Organized Crime: The Unvarnished Truth About Government
Thomas J. DiLorenzo
Thomas DiLorenzo is probably best known to the public for his revisionist studies of Lincoln, but he has a wide range of economic and historical interests. Organized Crime, a collection of 52 short articles by him, shows again and again his keen eye for the striking historical detail that exactly illustrates the point he wants to make.
It will come as no surprise to readers of the Mises Daily that price control does not work. But DiLorenzo still manages to come up with an unexpected point about this familiar topic. The Nazi leader Hermann Goering warned the American occupation authorities that they stood in danger of repeating the mistakes of his own recently fallen regime. Speaking to the American correspondent (and, by the way, later American Ambassador to Switzerland) Henry Taylor, Goering said,
Your America is doing many things in the economic field which we found out caused us so much trouble. You are trying to control peoples’ wages and prices — peoples’ work. If you do that you must control peoples’ lives. And no country can do that part way. I tried and it failed. Nor can any country do it all the way either. I tried that too and it failed. You are no better planners than we. I should think your economists would read what happened here. (p. 5)
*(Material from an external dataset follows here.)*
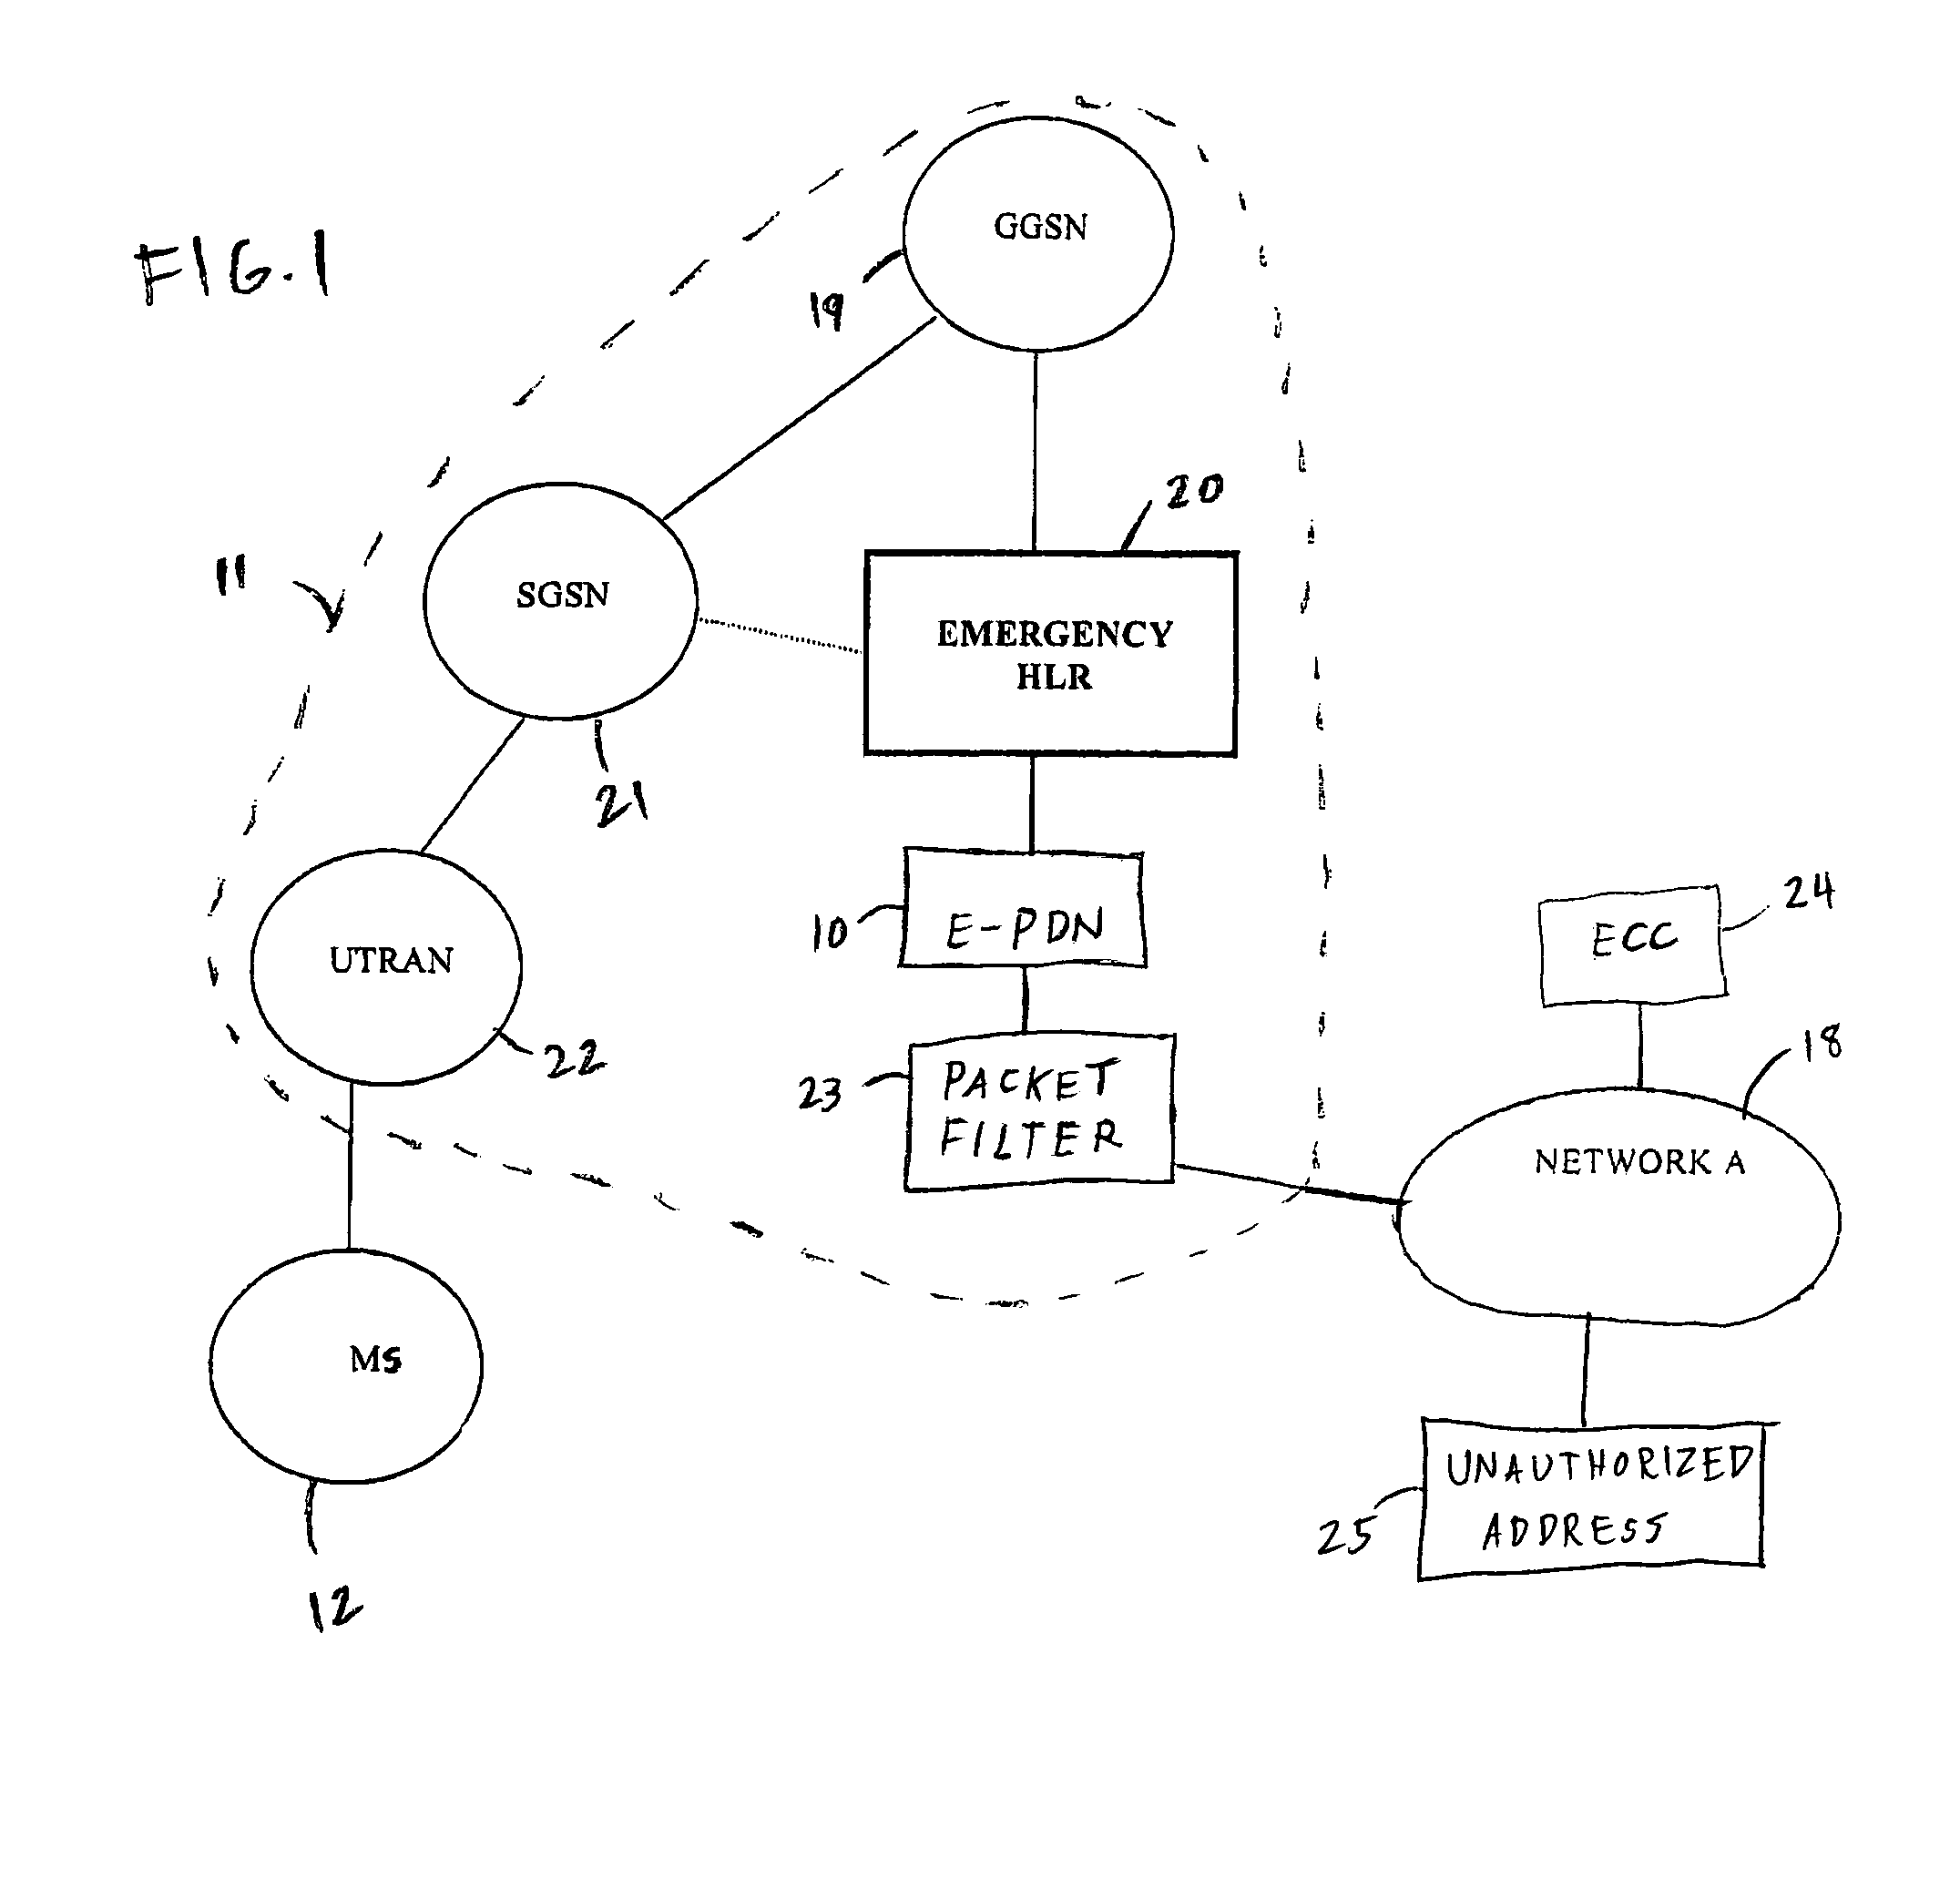 Packet filtering for emergency service access in a packet data network communication system
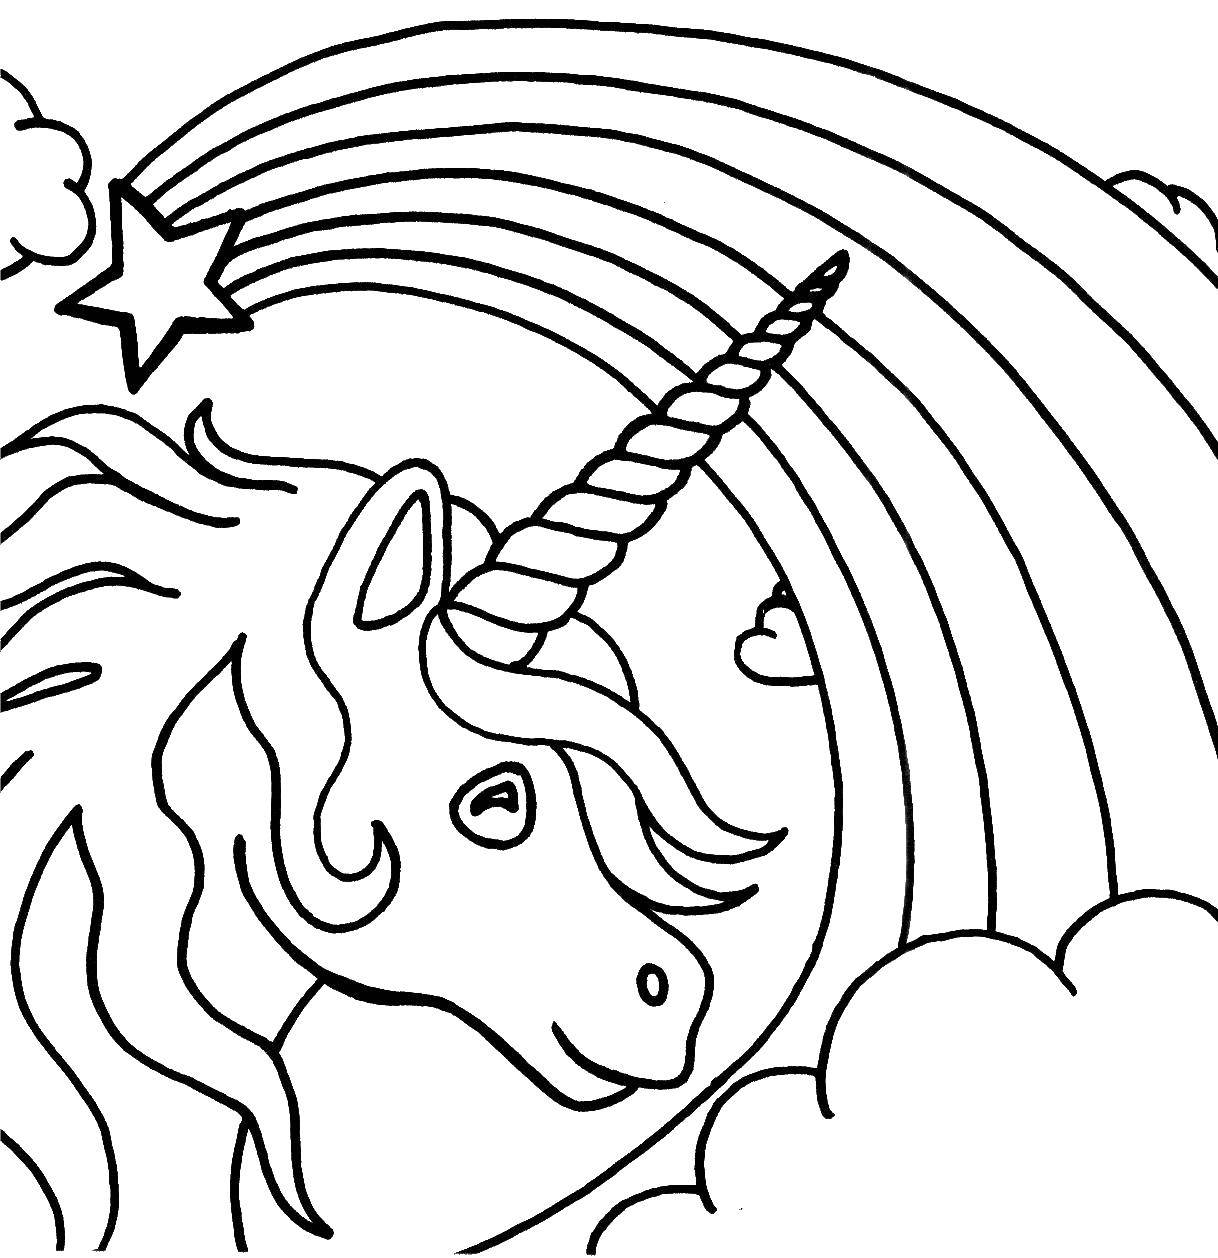 Coloring Rainbow and unicorn. Category coloring. Tags:  that rainbow, unicorn, star.

Unfortunately the American government has not managed to equal the level of insight here displayed by the late and unlamented Reichsmarschall. The Obama administration brought suit against
a proposed merger between AT&T and T-Mobile USA. According to the New York Times on August 31, 2011, stopping the merger would supposedly “help save jobs of American workers.” (p. 24)
To this contention, DiLorenzo offers a brilliant riposte. Just as the mercantilists wrongly thought that the way to national wealth was to amass gold and silver, so do the modern opponents of economic progress falsely believe that full employment requires that existing jobs be conserved: “The Obama mercantilists apparently believed that existing jobs, not gold, must be hoarded” (p. 25).